What type of representation is used by OpenNMT?

negacy · October 8, 2018, 7:45pm

How does OpenNMT represent words (or characters) of input sequence? Is it one hot code encoding or does it compute embedding internally? Assuming, I have a French to English parallel sentences, I am interested to know how the words of the input(French sentences) for this particular example are represented by the tool.

guillaumekln · October 9, 2018, 10:25am

The training optimizes an embedding for each word, as you’d expect.

Does that answer your question?

negacy · October 9, 2018, 12:19pm

Are you saying it learns word embeddings automatically? How about if the translation is character based? Does it learn character embedding? The tool allows to load pre-trained character embedding for both source and target language, and I was wondering if there is no pre-trained characters embedding, how the characters are represented?

guillaumekln · October 9, 2018, 12:25pm

I should have used “for each token” in my sentence.
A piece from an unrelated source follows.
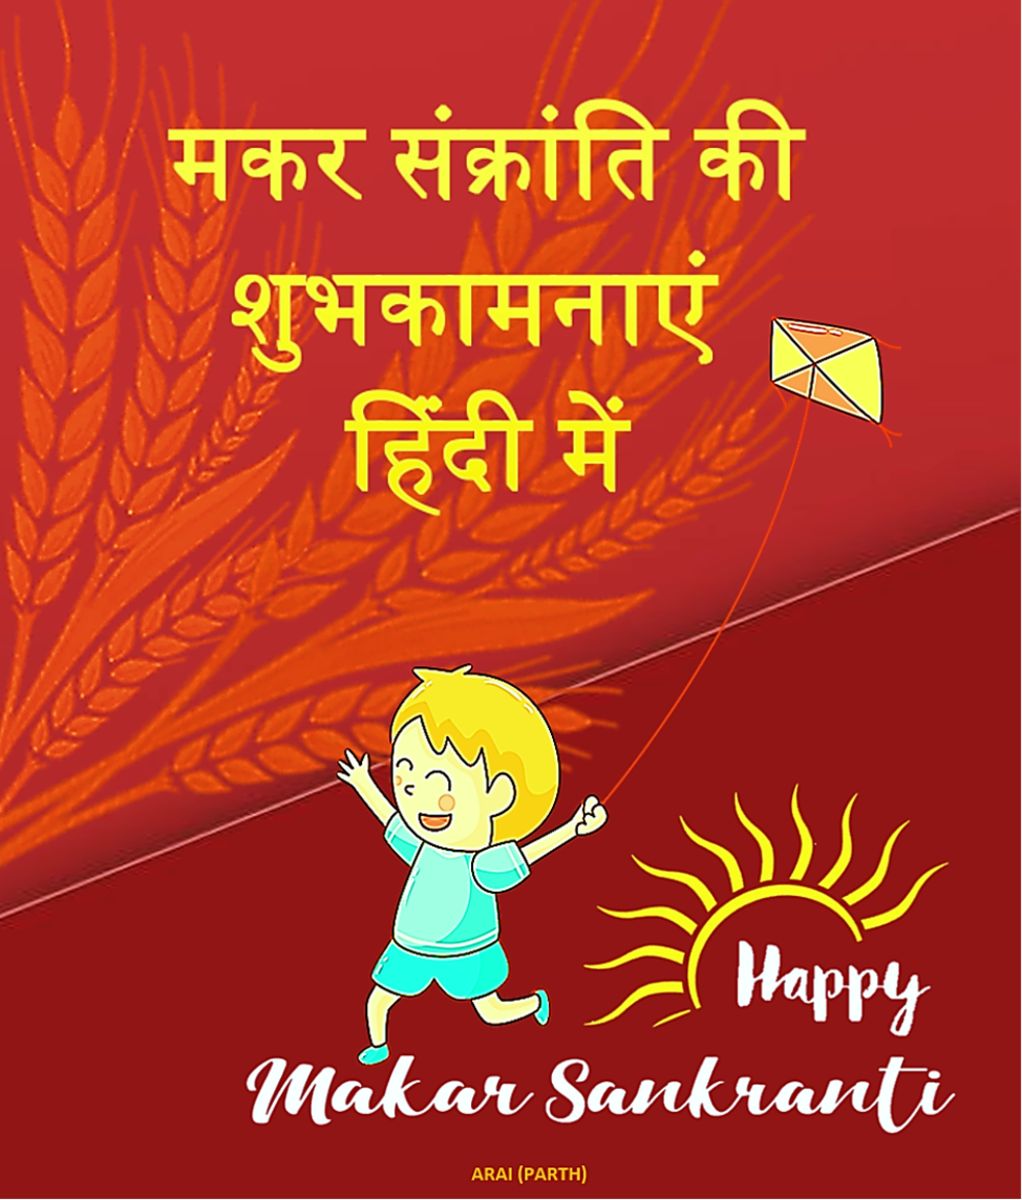 Happy Makar Sankranti Wishes and Greetings in Hindi Language

A token can be a word, a subword, or a character depending on the tokenization.

If no pretrained embeddings are given, the vector is initialized with random values which are optimized as part of the training (like other model parameters).

negacy · October 9, 2018, 12:34pm

Ok, it kind of makes sense, but in your sentence “If no pretrained embeddings are given, the vector is initialized with random values which are optimized as part of the training”, what is a vector? Is it the representation for each token? So, my understanding is that OpenNMT uses token/character/word embedding depending the tokenization that are learned automatically during training, is that correct or am I missing something?

guillaumekln · October 9, 2018, 12:37pm

Yes, it is the learned representation of the token.

negacy · October 9, 2018, 12:39pm

Thanks, that was helpful.